Reproduce the lines below exactly. Begin with the first, end with the line containing "Hochzeit Im Grunen", and leave out the pictures.

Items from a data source
★ ★ ★

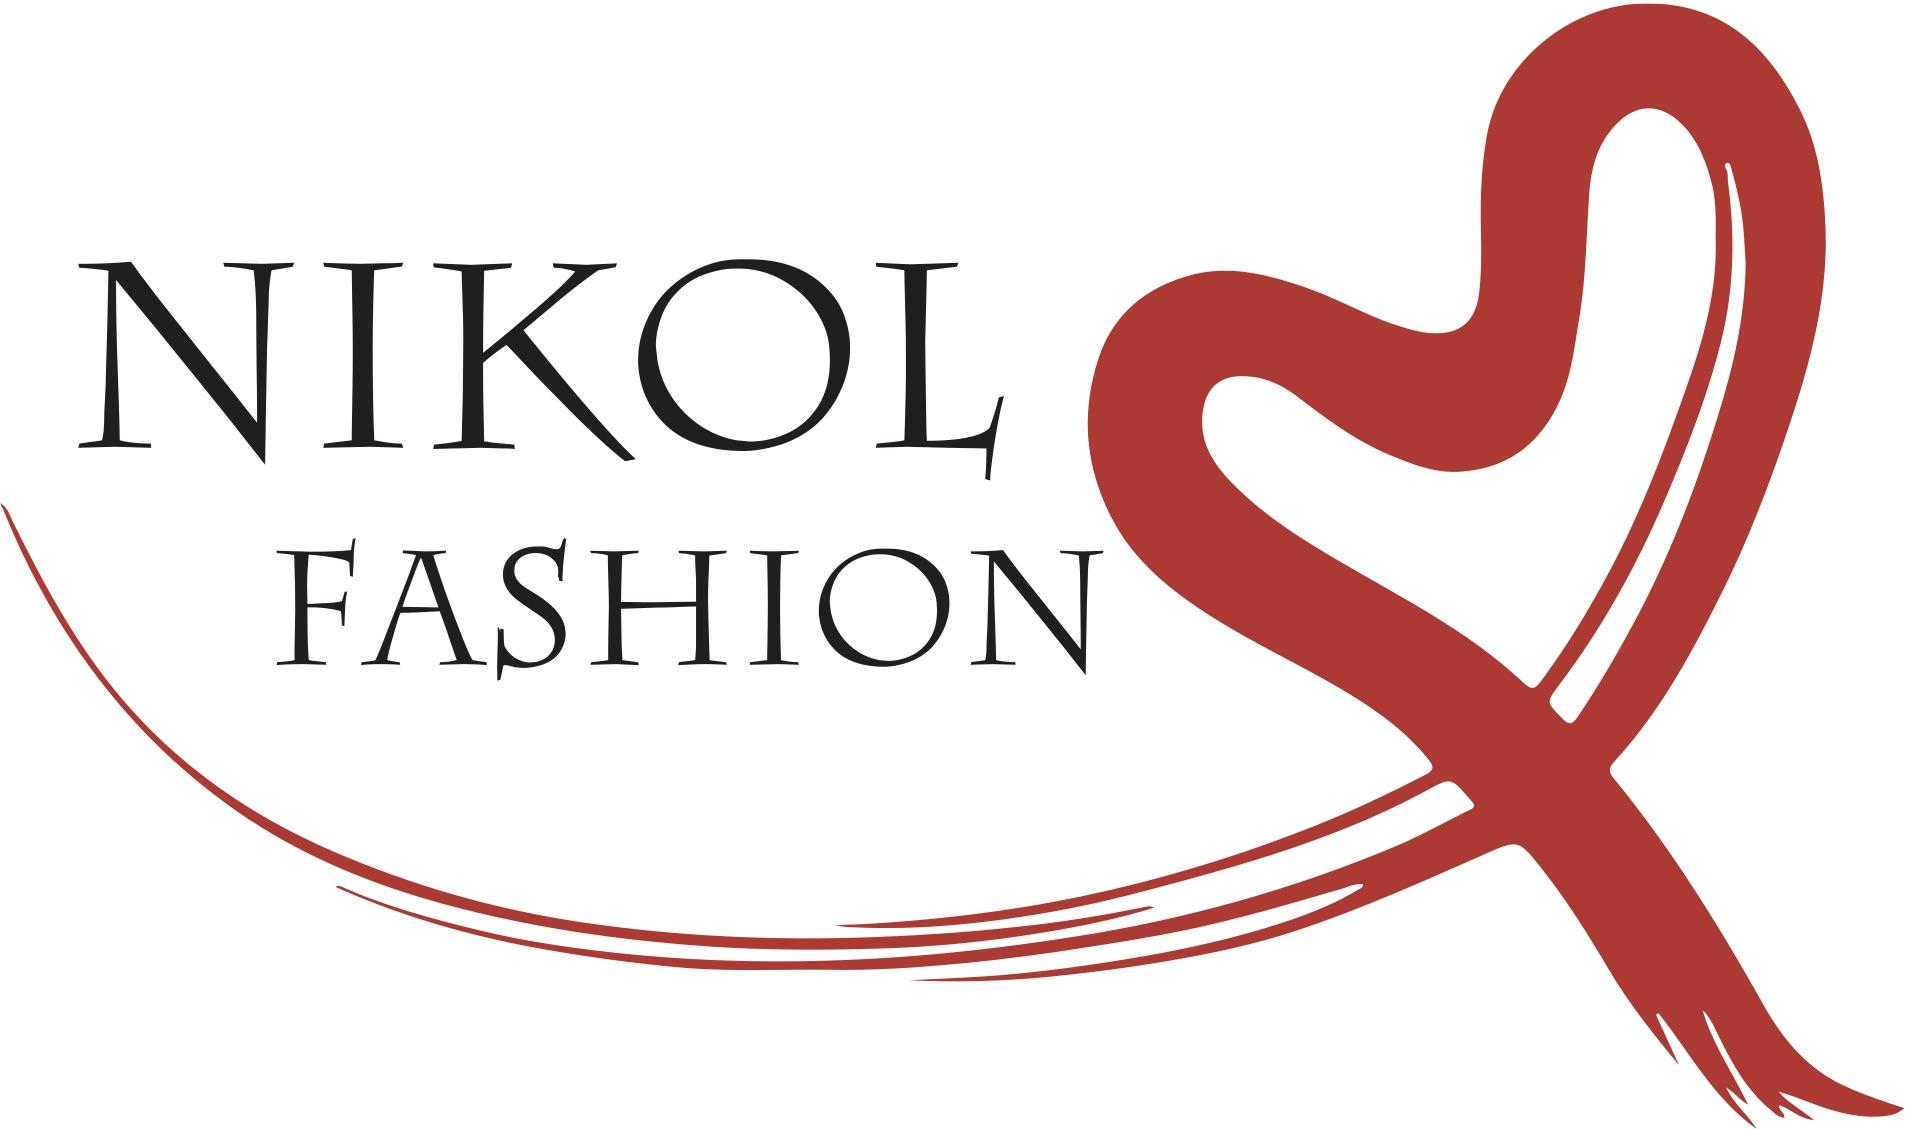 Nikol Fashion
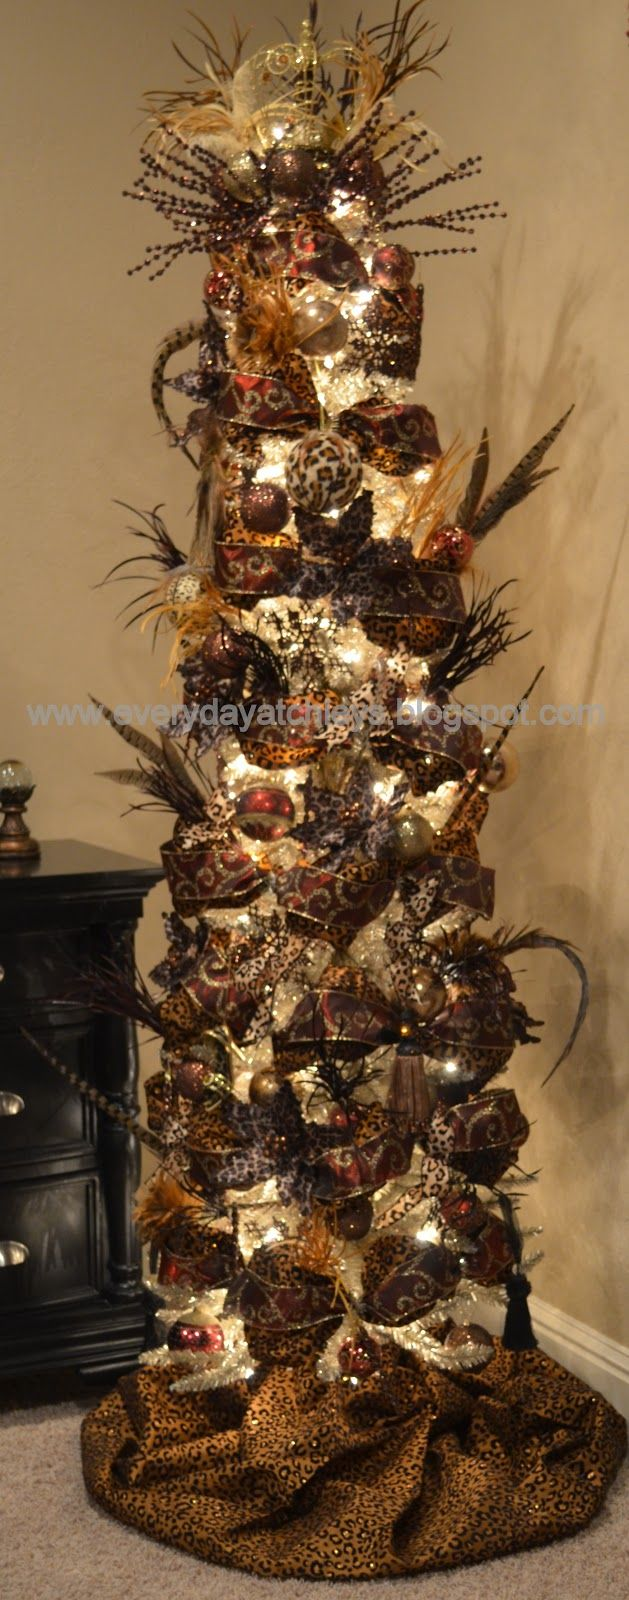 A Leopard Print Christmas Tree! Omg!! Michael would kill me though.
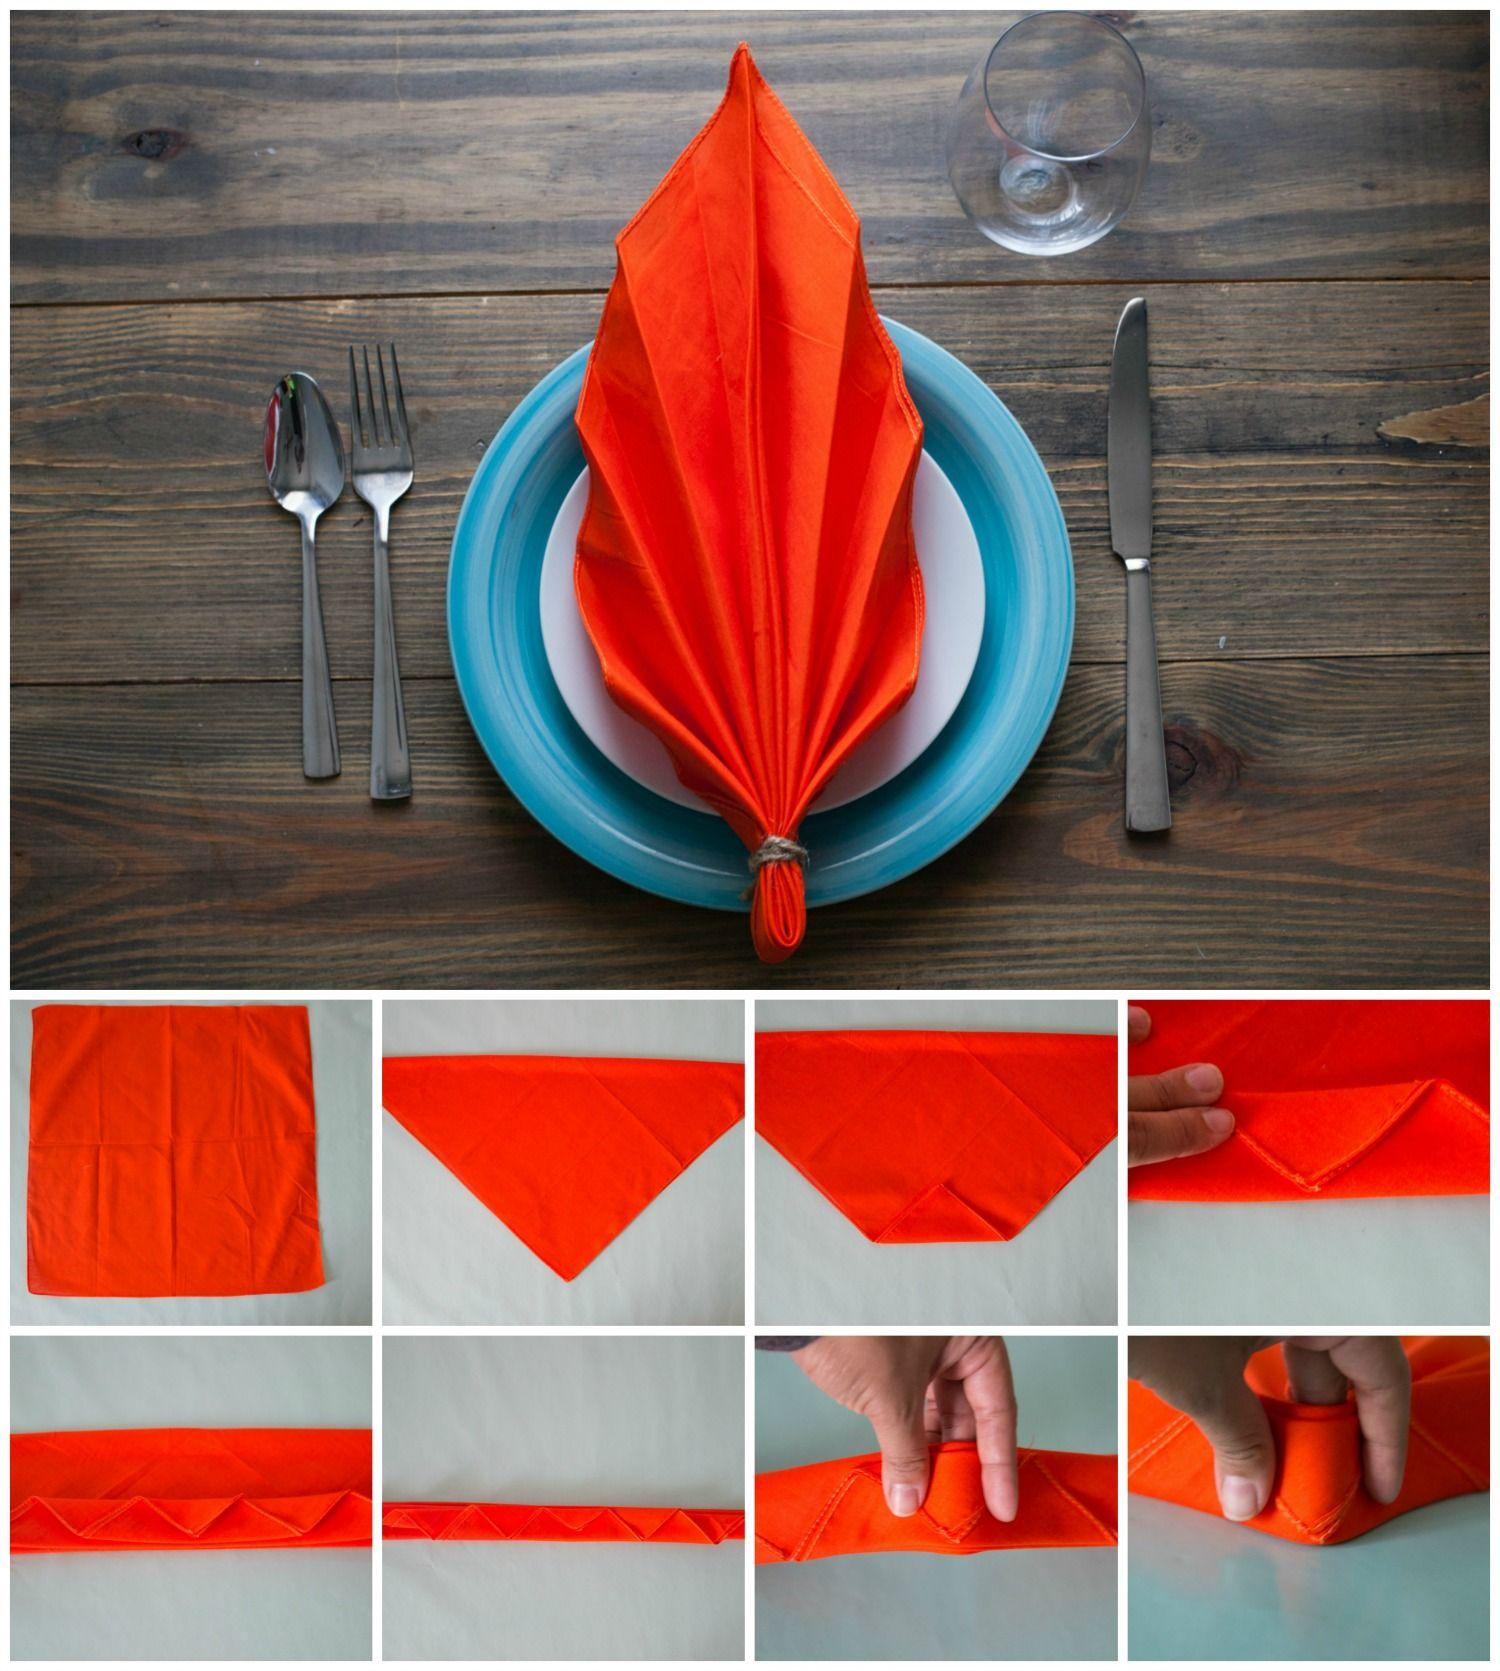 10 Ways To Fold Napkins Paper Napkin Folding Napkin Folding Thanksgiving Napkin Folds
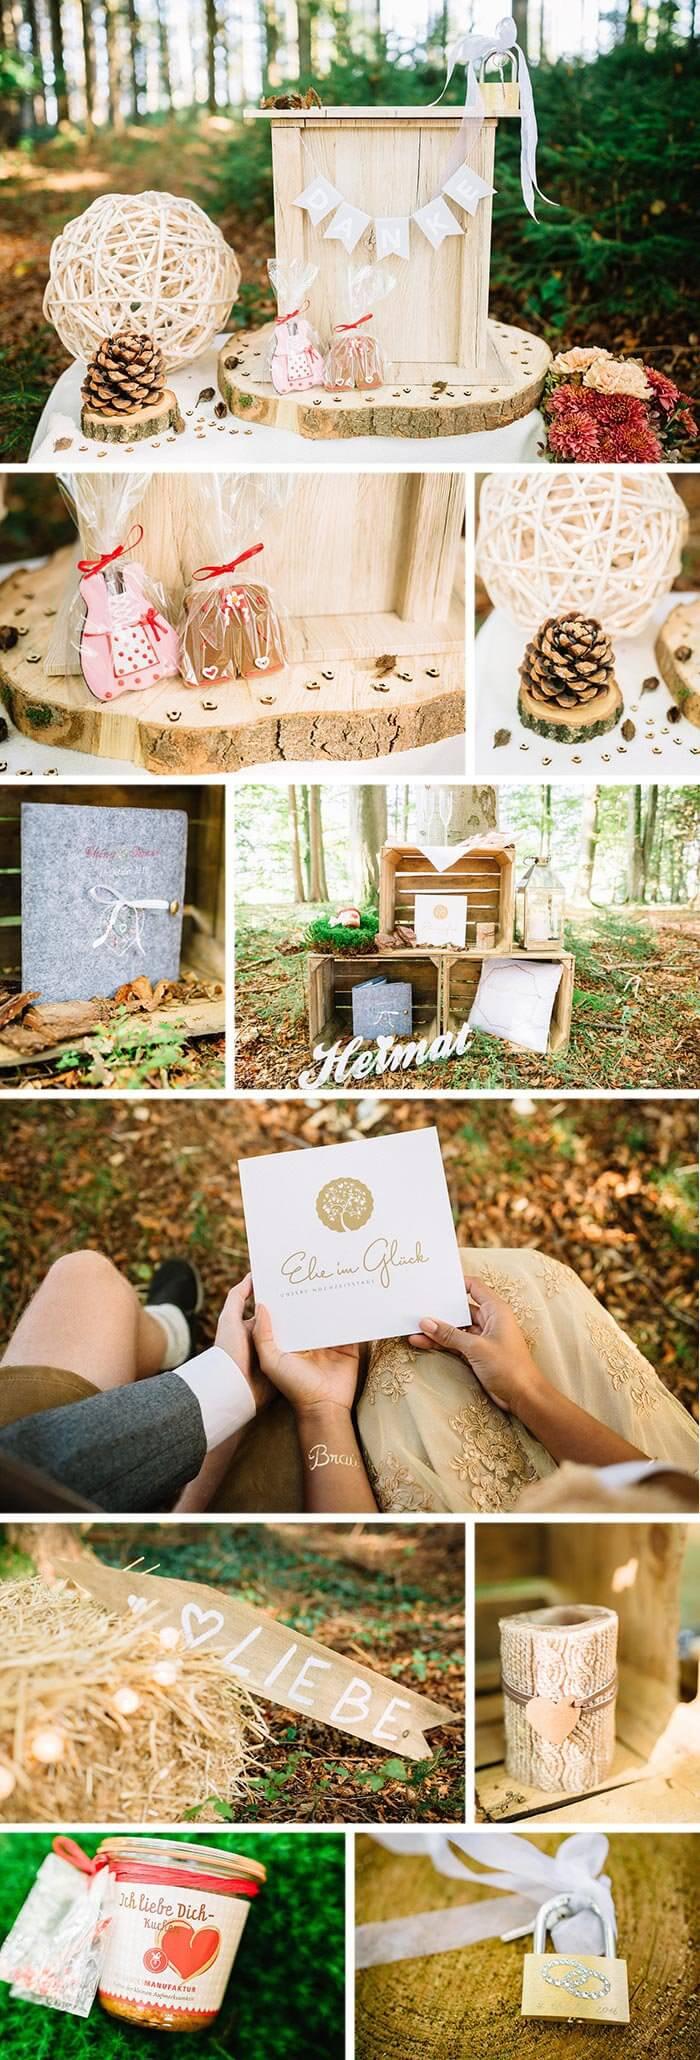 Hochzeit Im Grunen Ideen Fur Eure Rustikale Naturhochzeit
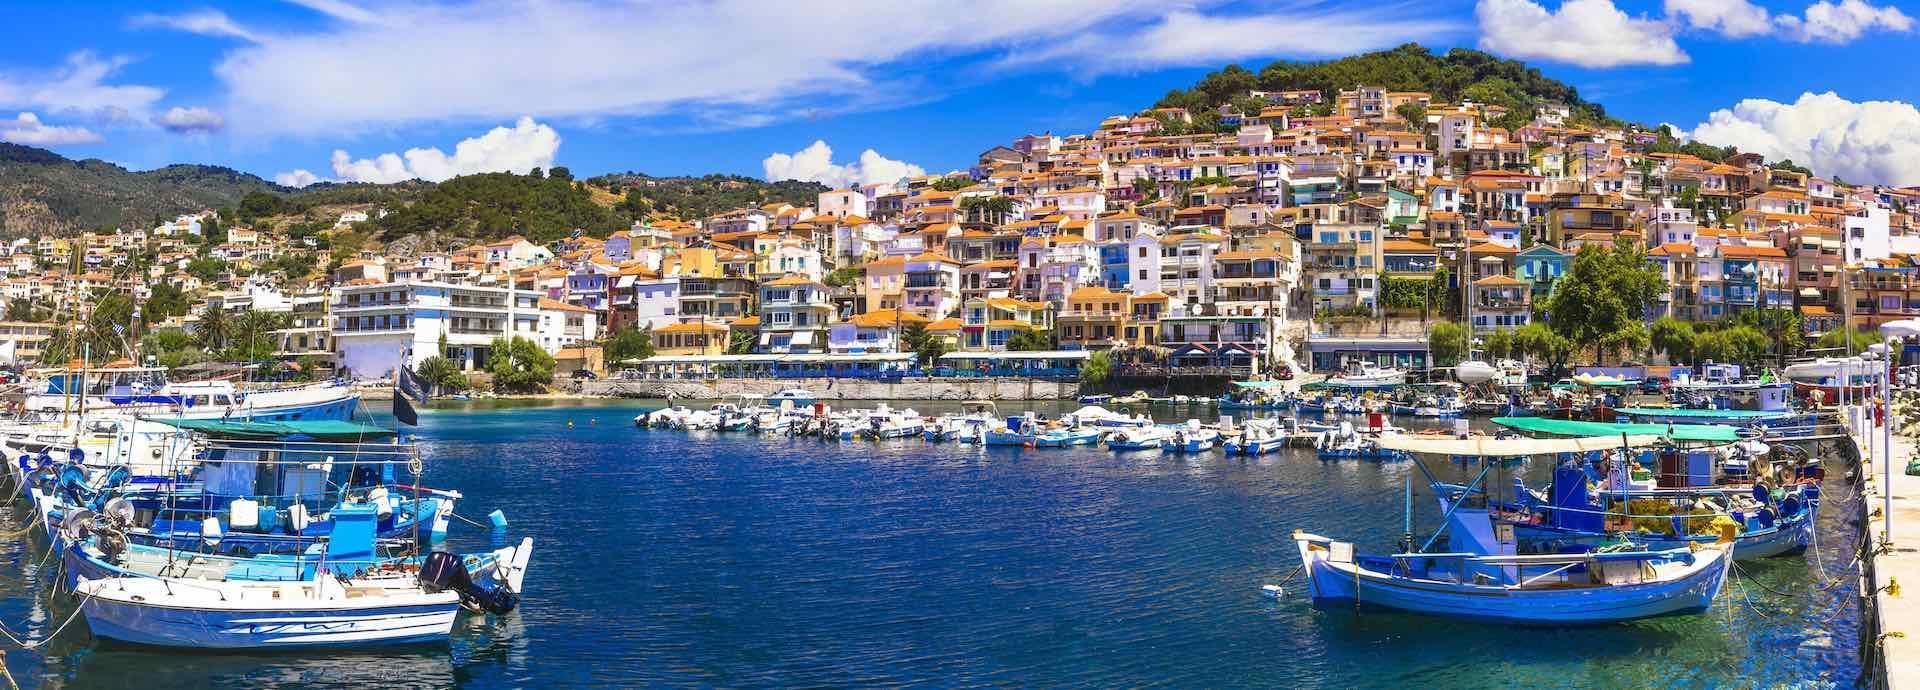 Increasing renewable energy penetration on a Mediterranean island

★ ★ ★

Solved exercise:
 Nikol Fashion
 A Leopard Print Christmas Tree! Omg!! Michael would kill me though.
 10 Ways To Fold Napkins Paper Napkin Folding Napkin Folding Thanksgiving Napkin Folds
 Hochzeit Im Grunen Ideen Fur Eure Rustikale Naturhochzeit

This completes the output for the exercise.